Колонна двинулась дальше. В ярких лучах ослепительно белыми кажутся сугробы обочин, искрится легкий, падающий из черноты неба куржак, вырастают, медленно уплывают назад, в стороны, хвойные горы. Извиваясь, набегает, падает под колеса узкая ледяная дорожка. И оборвалась. Николаев круто затормозил. Машина, пройдя по инерции юзом, зацепила обочину, развернулась, уперлась фарой в сугроб. Николаев погасил свет, растолкал соседа.

— Спишь, профилактика? А ну, подымайсь, парень! — И сам вывалился из кабины.

— Чего опять встал, дядя Егор! — закричал водитель подошедшей сзади машины.

Николаев, проваливаясь в снегу, обходя ЗИС, сердито басил:

— Любуюсь! Иди-ка ты теперь полюбуйся, парень. Приехали!

И снова нагнала, сгрудилась вся автоколонна. Шоферы, не желая больше купаться в снегу, кричали из кабин:

— Поехали! Чего встали! Хватит дурить!..

— Вылазь! — загремел в ответ Николаев.

Кое-как пробрались к николаевскому ЗИСу.

— Ну, что у тебя, дядя Егор? Заехал?

— Дорога кончилась, парень. Кликни-ка Рублева сюда: что делать будем?

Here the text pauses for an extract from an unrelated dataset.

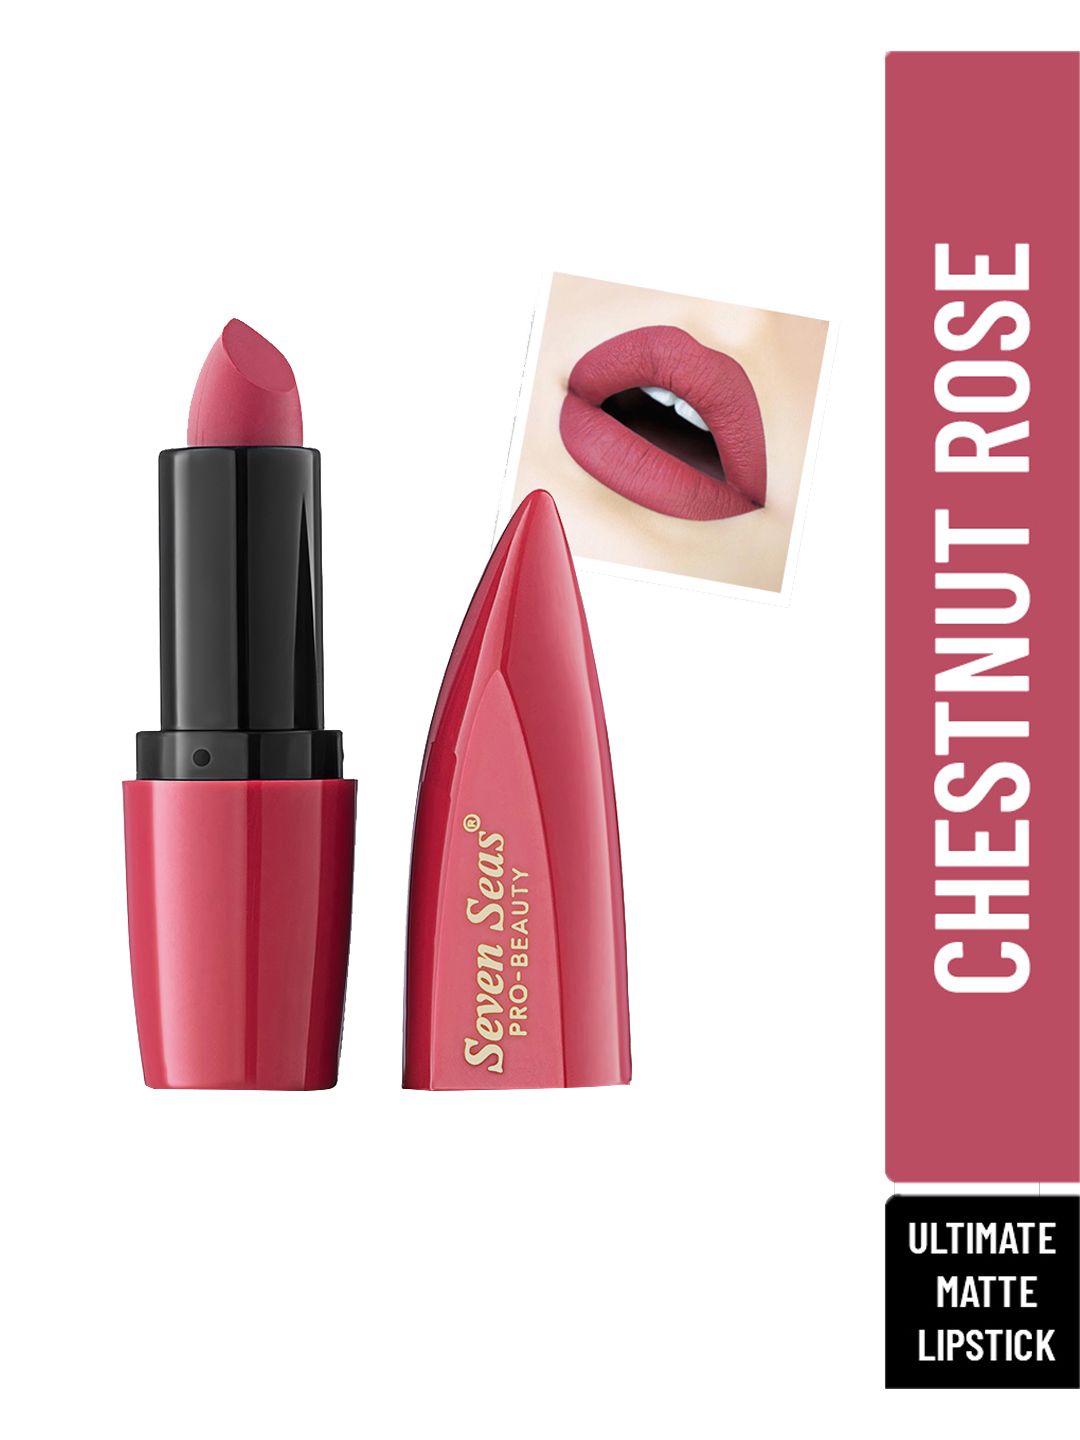 Seven Seas Ultimate Smudge Proof Full Coverage Matte Bullet Lipstick: Chestnut Rose Price in India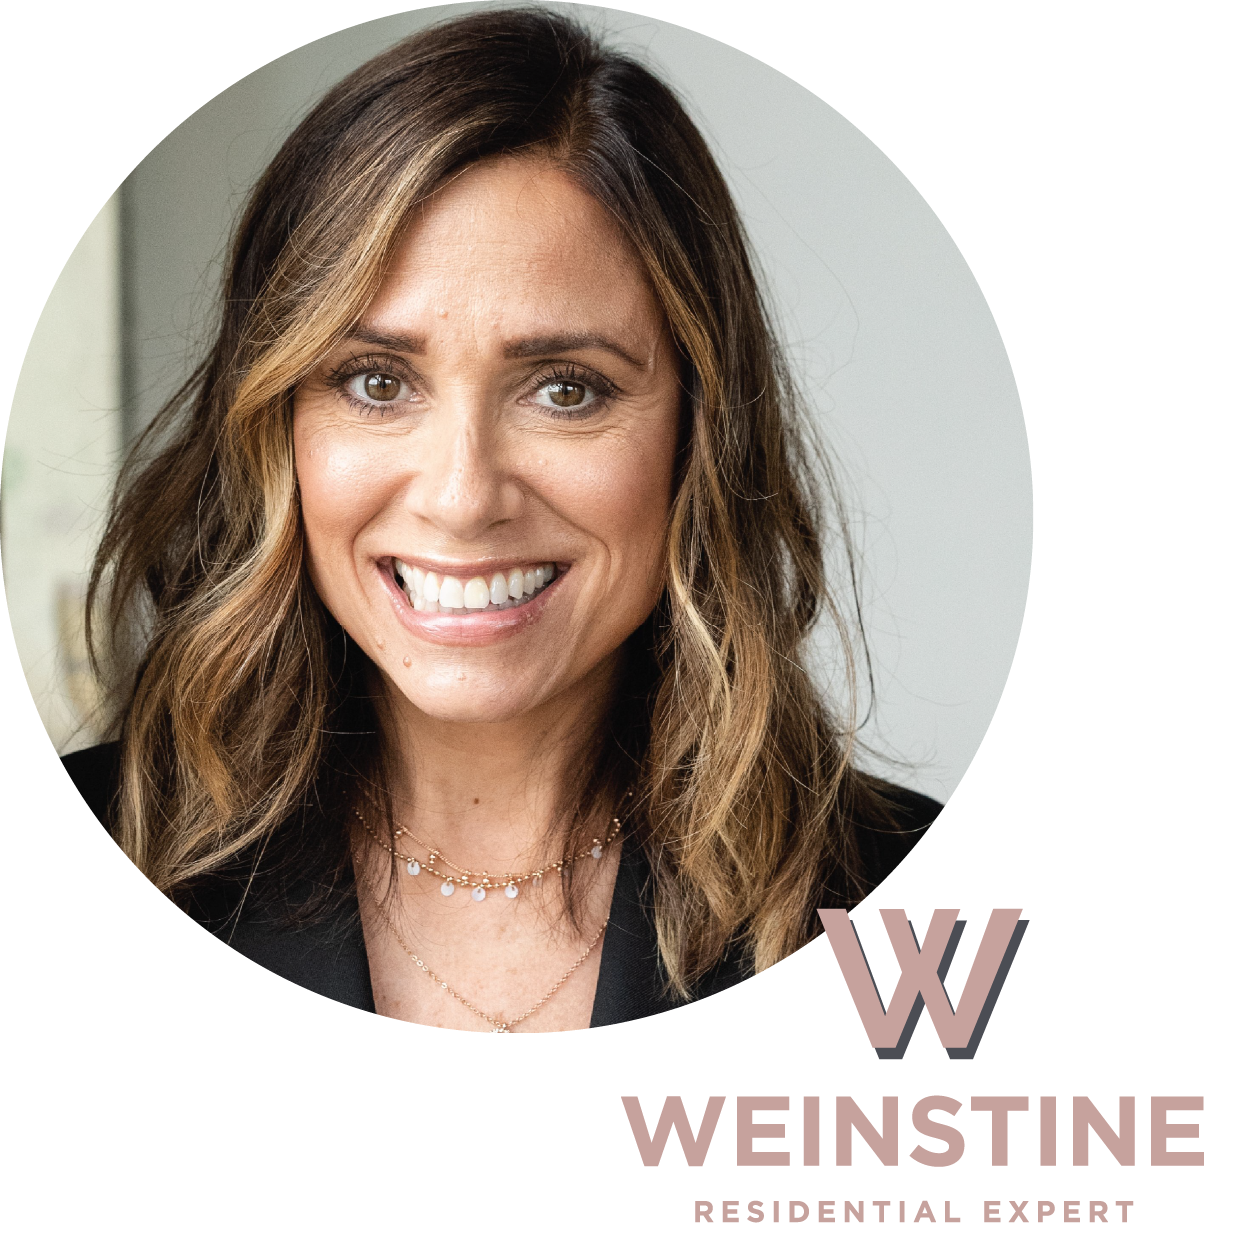 Holly Weinstine - Residential Expert

— Фьюить! — присвистнул парень. — Вот тебе и за две недели! А дальше как?

— Давай цепляй трос лучше, — перебил Николаев. — После думать станем, как и что. Машину из снега вытащить надо!

Узнав, что кончилась дорога, водители приуныли.

— Этак-то до весны доберемся!

— И то правда, ежели каждый раз такие препятствия…

Пришел Рублев. Тоже выбрался вперед, убедился, что кончилась ледянка, вернулся к столпившимся между машинами товарищам.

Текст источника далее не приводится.